Сплочение людей в компактные массы, которое Ионеско имел возможность наблюдать рядом с собой в 1930–1940-е годы и которое, он считает, с разной интенсивностью происходит во всех современных государствах, настолько неестественно для человека, что достигается только ценой расшатывания человеческого существа и воспитания новой человеческой породы. В 1940-м году Ионеско почти казалось, что люди в самом деле уже разделились на две расы: человека – и нового человека, причем второй не только психологически, но и физически отличается от первого (5: 98–99). Позже Ионеско предпочитает говорить о тех же явлениях уже не в биологическом, а в библейском плане. «История повторяется. Мы видим те же миллионные сборища, разве что уже в других странах. Идолы обращаются к массам, тогда как Бог не обращается к массам. Каждый из нас лично обращается к Богу. Если попытаться определить это теологически, то таково различие между Богом и Сатаной» (7: 111). Новый человек научился жить в стихии безличного. Сказав было, что минуты радостного изумления, которые человек переживает, как бы впервые видя мир, незабываемы, Ионеско теперь берет свои слова назад. Многие забывают. Люди вместо детской непосредственности развивают в себе другую детскость, которая может продолжаться до старости, род забывчивой наивности, не свободной однако от забот и корыстных желаний. Ионеско иногда называли обличителем кризиса общения в современном мире, но сам он возражает против этого и говорит, что если теперь и существует проблема с общением, то только между человеком и его собственным Я (4: 105). В определенном смысле среди человеческой массы нового типа возрастает коммуникабельность, люди, сплотившись в тот или иной коллектив, находятся в непрестанном интенсивном общении. Их общность еще больше скрепляется отталкиванием посторонних. Отклоняя чужих, человек неизбежно делает чужой себе и частицу собственного Я.

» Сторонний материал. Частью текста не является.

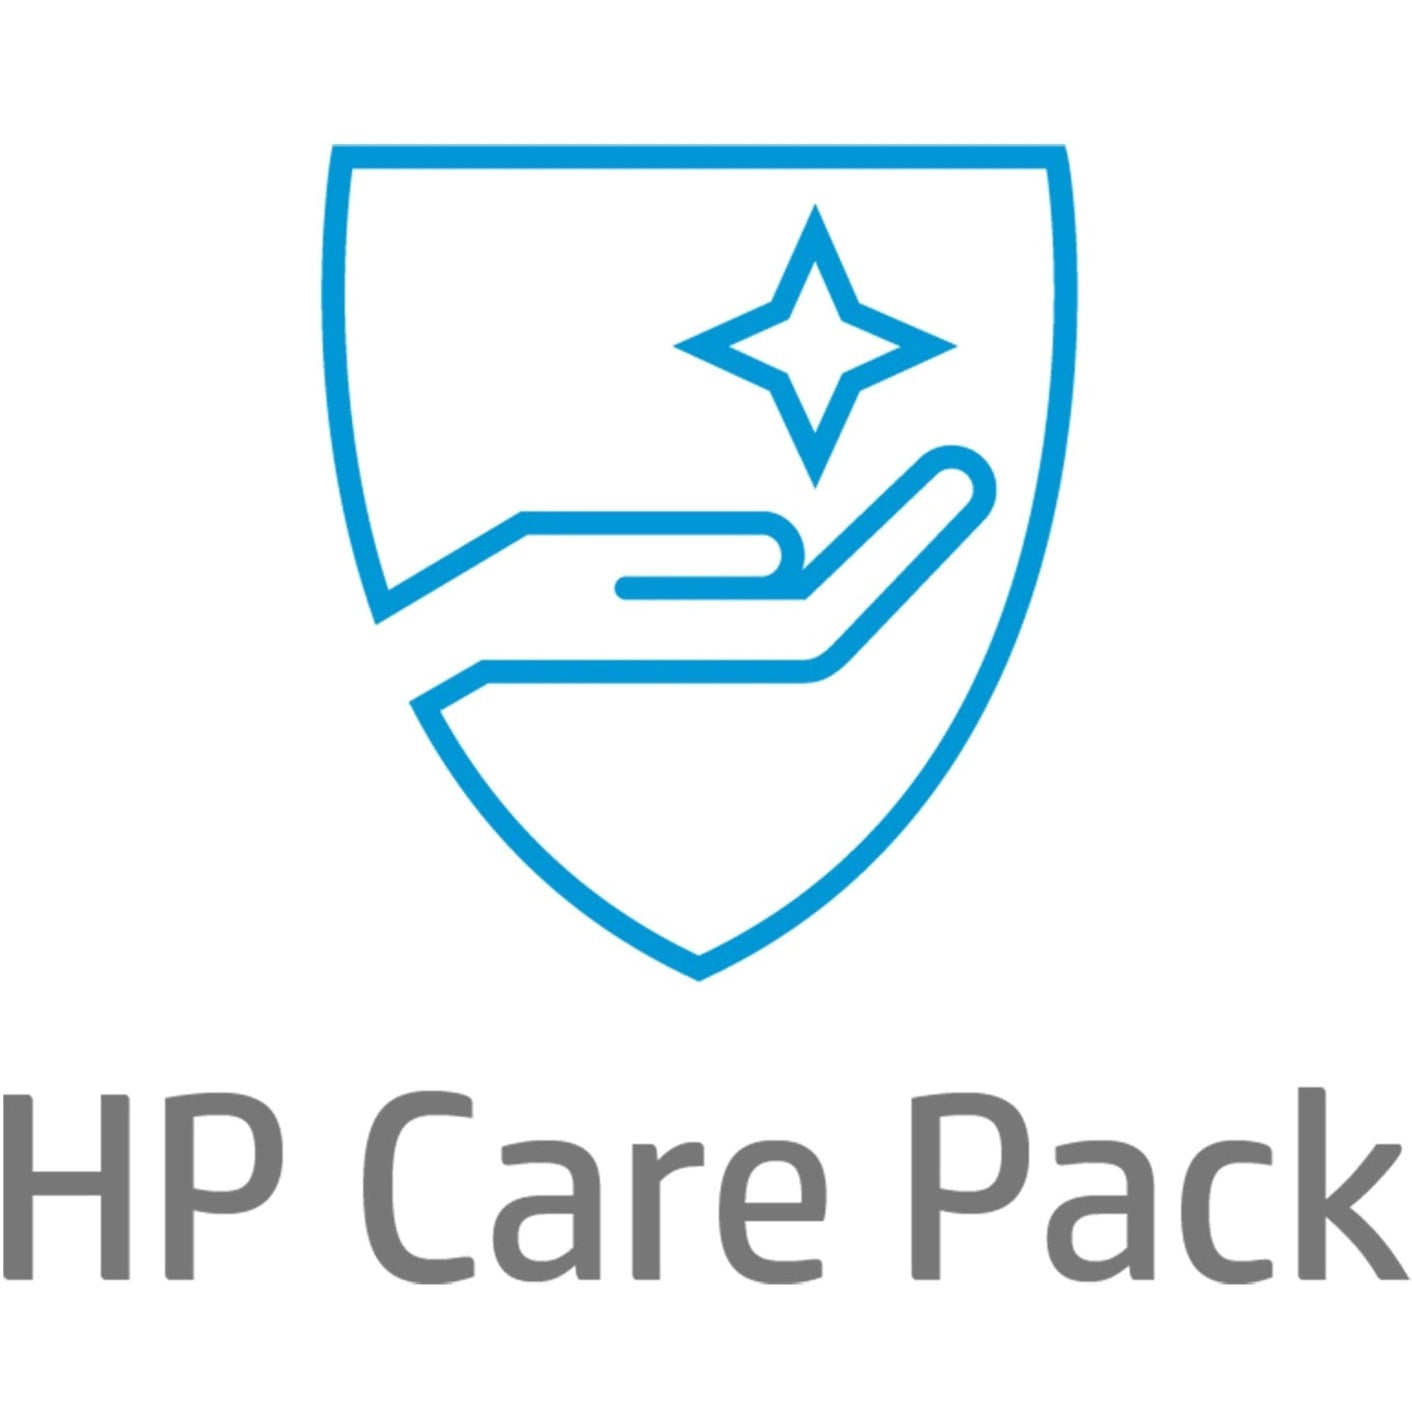 HP Care Pack - Extended Warranty - 4 Year - Warranty (U9DQ8E)

Парадоксальным образом именно среди стихий коллективизма в 20 веке с неслыханной прежде силой распоясывается империализм личности. «Все отрицатели индивидуализма сами отчаянные и разнузданные индивидуалисты, одержимые патологической волей к власти, безудержным желанием проявить, утвердить себя, поглотить или покорить других, чтобы выжило только одно их гипертрофированное Я. Всё должно погрузиться в обобщенную безличность, в коллективное бессознательное – кроме Я, не терпящего присутствия других и желающего вытолкнуть их из себя» (4: 211–212). Нарастающей организации безличных масс, происходящей в сфере политики, в идеологической сфере отвечает структурализм. Он преуменьшает личностный характер явлений культуры в пользу внеличных или бессознательных веяний. Но и в структурализме любых направлений, как в политике, личность мыслителя несмотря на подчеркивание им безличных и бессознательных начал не ослабляется, а гипертрофируется. Так Мишель Фуко говорит о малозначительности индивидуального сознания на мощном фоне идеологического языка эпохи, но книга Фуко «Слова и вещи» написана таким ярким индивидуальным стилем, за темой универсального надличного дискурса в ней с такой стилистической определенностью встает лицо автора, что кажется, будто теоретик, убеждающий читателя в его подчинении коллективному бессознательному, сам силится высвободиться из-под власти последнего, раз и навсегда осознать его и овладеть им. По своеобразной абсурдной логике никогда в истории не было такого разгула личности, не желающей ни от чего зависеть, как в современную эпоху, изобретшую тоталитаризм. «Дело обстоит так, словно каждый индивид, будь то в идеологии, будь то в политике, самозабвенно стремится расширить свою личность, желая покорить себе бессознательное, стихию коллектива. Никогда не было такого множества прозорливых умов, пытающихся объять своим сознанием бессознательное, такого множества диктаторов или тиранов, такого количества уникальных, неповторимых и нередуцируемых индивидов» (5: 209–217). Энергия современного идеологического и политического наступления на обособленную личность лишний раз говорит о подспудной вере самих ее гонителей в могущество этой личности. Неосознанность усилий, служащих казалось бы коллективизму, по существу направленных на самоутверждение личностей, делает эти последние неуязвимыми.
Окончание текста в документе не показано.